Premier Li Keqiang led a State Council meeting and sent out a clear signal of another round of policy easing for the second time this year, says a research report by Gao Hua Economics Research.
The State Council meeting laid out a few initiatives, including accelerating major investment projects outlined in the 13th Five-Year Plan, further encouraging social capital to participate in projects, pushing for innovate financing channels, and rolling out more policy measures on utilizing foreign capital.
In addition, the State Council announced last week that inspection teams will be sent out to ensure projects are carried out on the ground on a timely basis.
These two events are important signals that the Chinese government intends to loosen cyclical policy for the second time this year, says the report.
After a round of aggressive easing at the start of the year, which significantly boosted activity growth but at the perceived expense of faster money and credit growth and higher inflation, the policy stance normalized from April.
The decision to step up policy support again now is likely the result of renewed weakness in activity growth, especially in fixed asset investment growth.
Contrary to many other policy announcements, these two events can make a significant difference in the near future as they can affect the two most important barriers to faster fixed asset investment growth: willingness and ability to invest.
The inspection teams sent out by the central government will force lower-level officials to carry out their duties.
The ability to invest is mainly a question of funding – project approvals have become much less important than before the current leadership took over in 2013, as the government made the approval process much easier.

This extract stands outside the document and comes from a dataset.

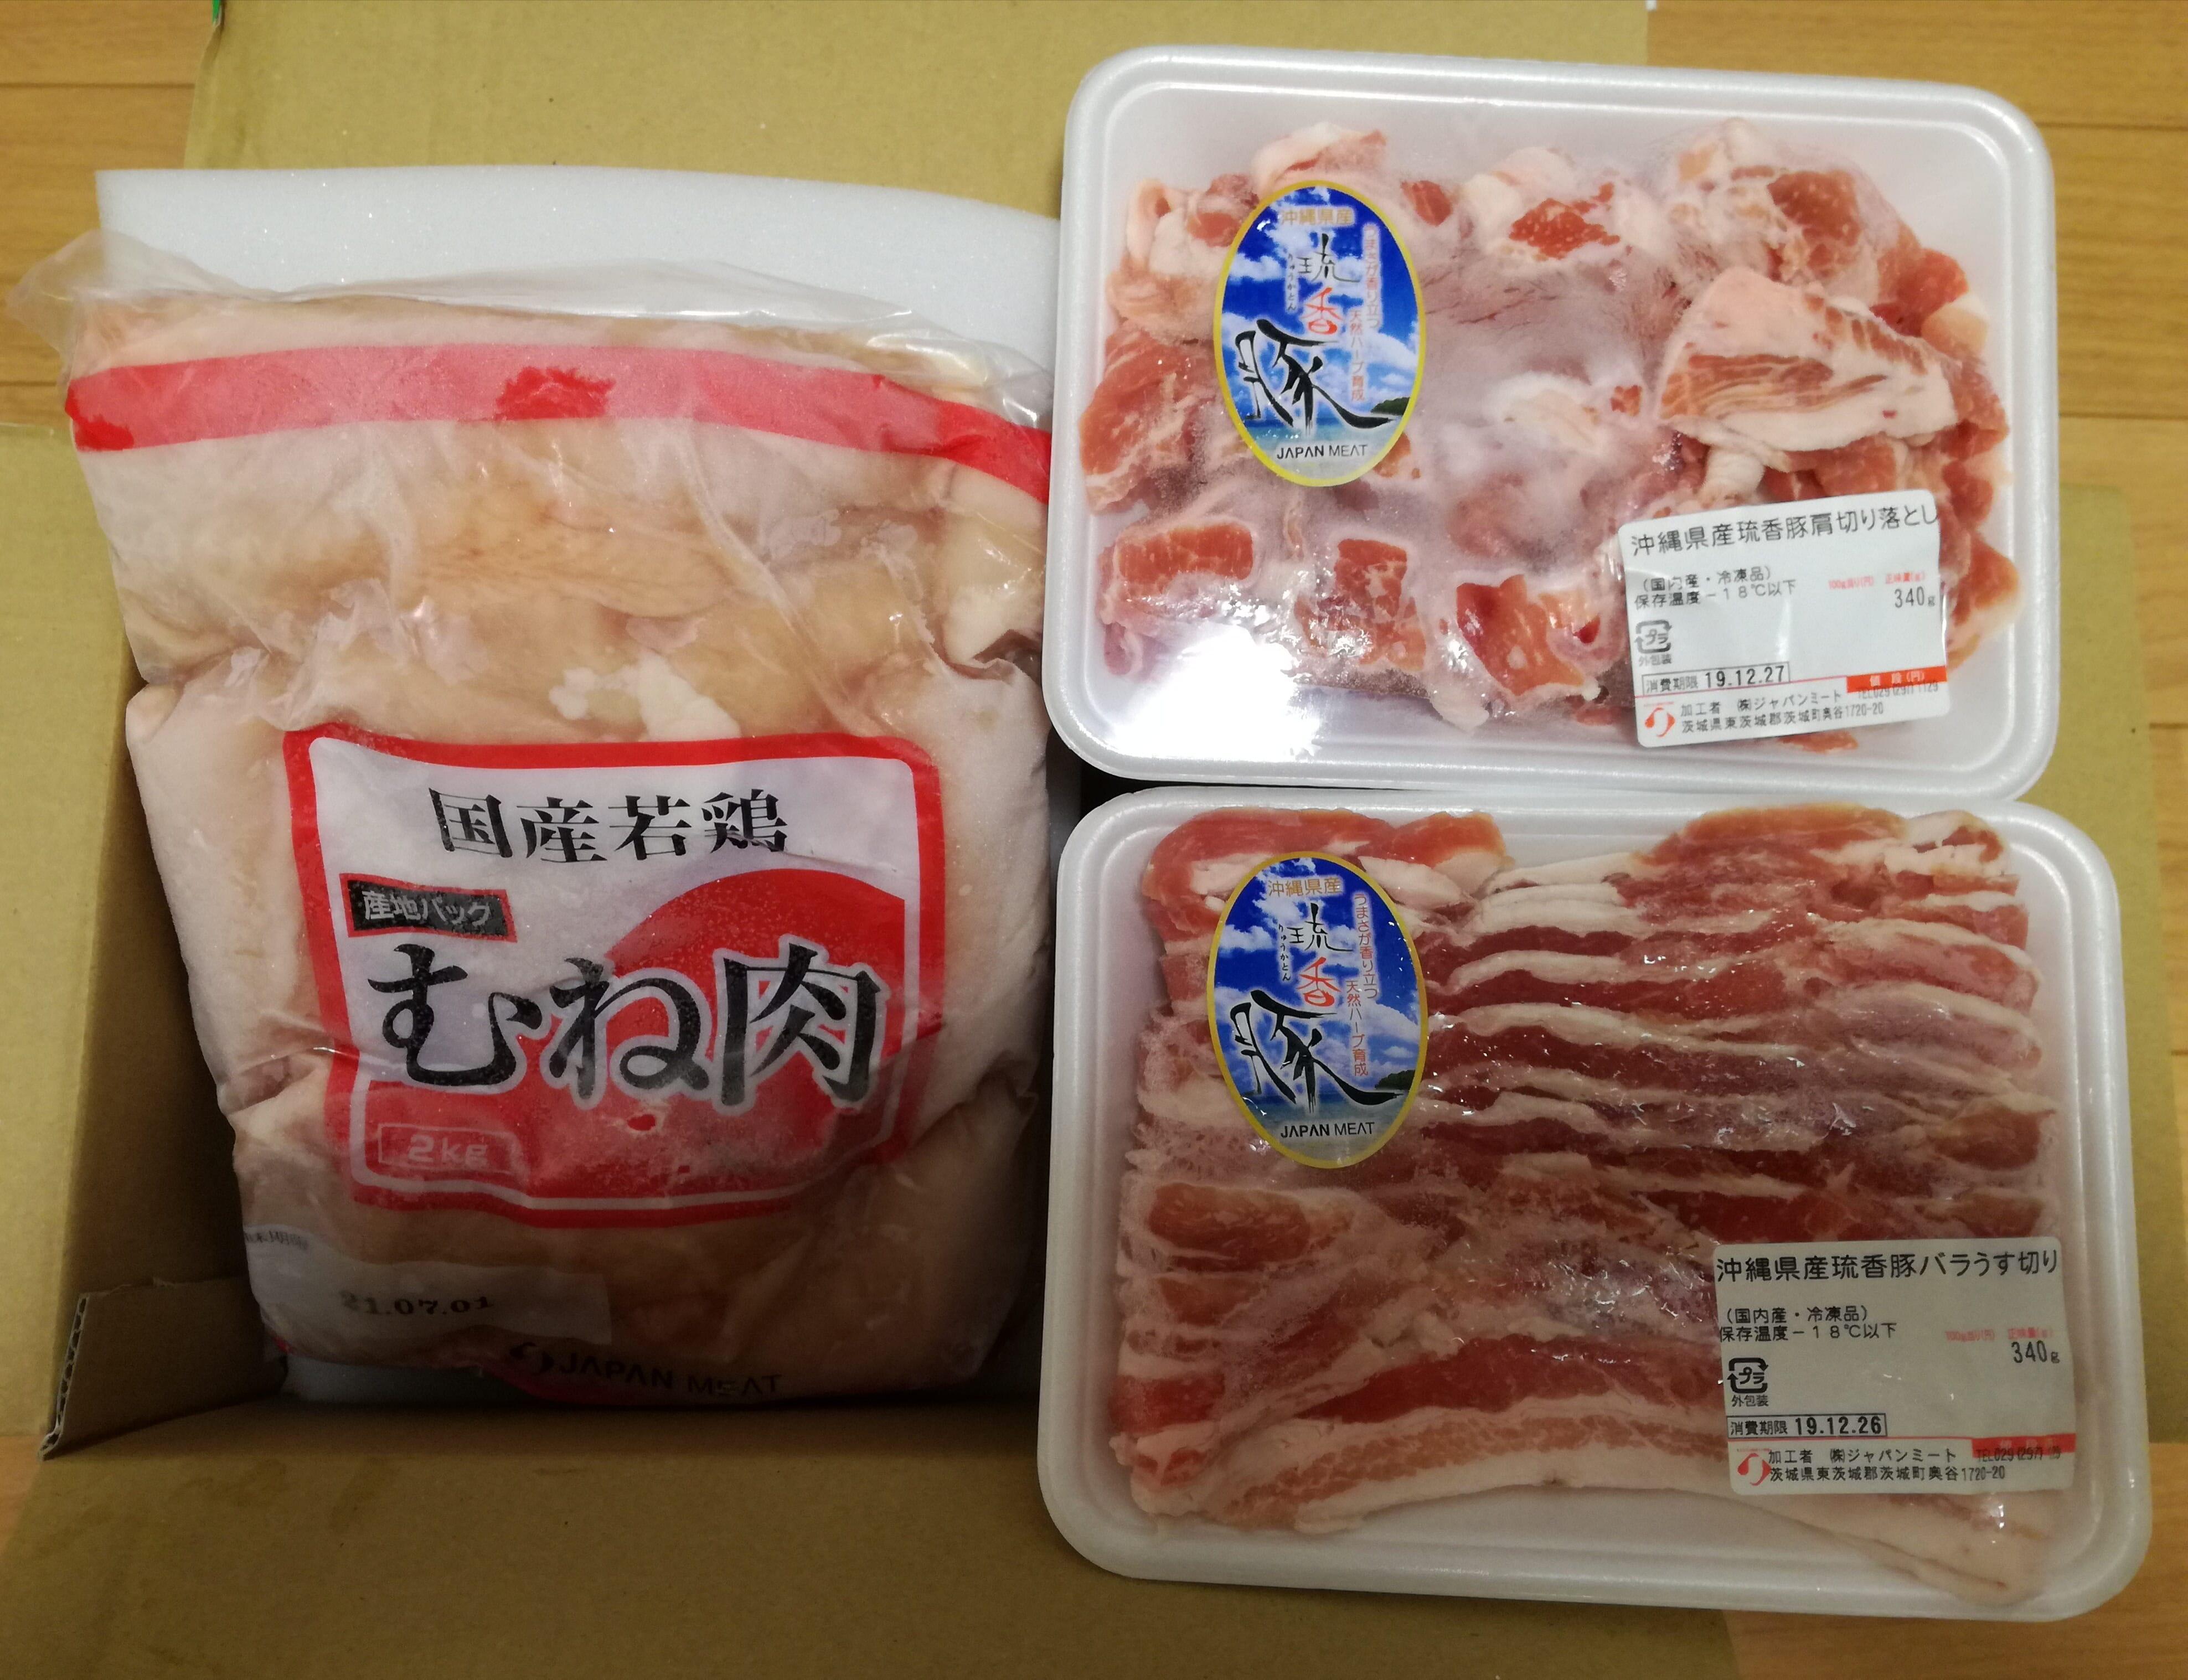 夫婦仲が険悪になる?ジャパンミート(3539)から株主優待の噂のムネ肉2kgが到着!

The key focus of the funding is likely to be off budget quasi-fiscal supports via policy banks. This funding has the practical advantage that it doesn’t make the budget deficit appear to be too large, and is relatively easily controllable by the government.

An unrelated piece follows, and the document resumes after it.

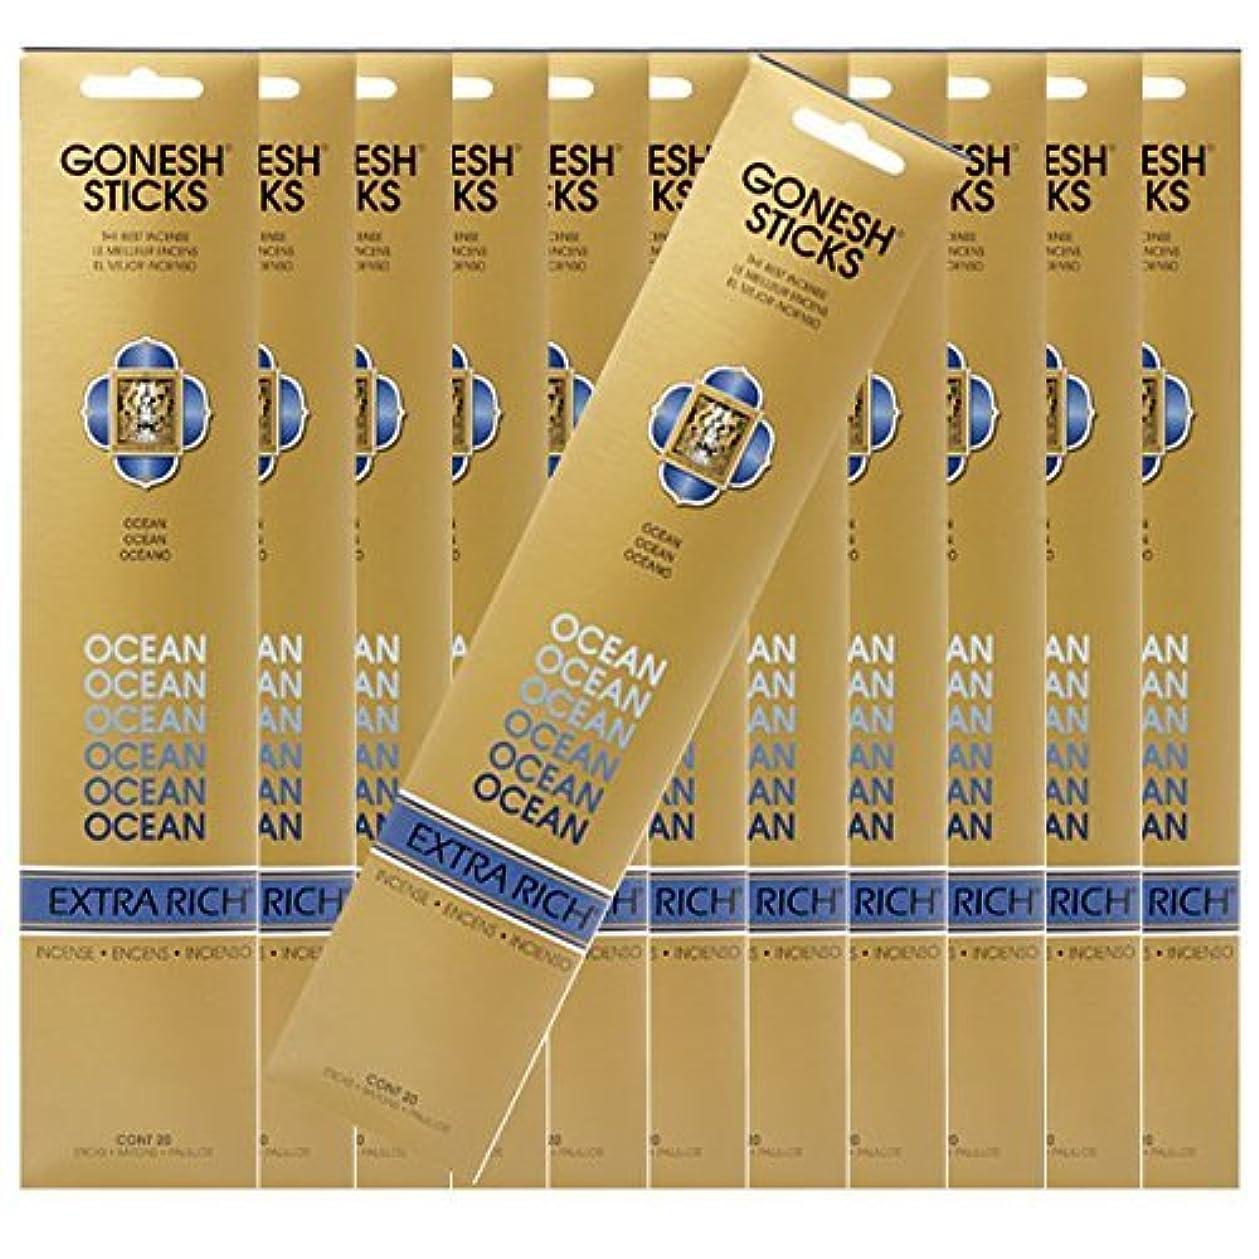 抑圧するラフ学部GONESH ガーネッシュ お香スティック Ocean -オーシャン- x12パックセット(合計240本入り)

As a result, fixed asset investment growth and broad economic activity growth are likely to show improvements in the coming months, though September monthly data may still be on the weak side.
Last year, cyclical policy was also loosened in September, and it was only in November that clear signs of a rebound in growth were shown.
China may also consider one or more bank reserve requirement ratio cuts, especially if the amount of forex outflows increases further. With the G20 Summit out of the way, currency depreciation and capital outflows are likely to resume, says the report.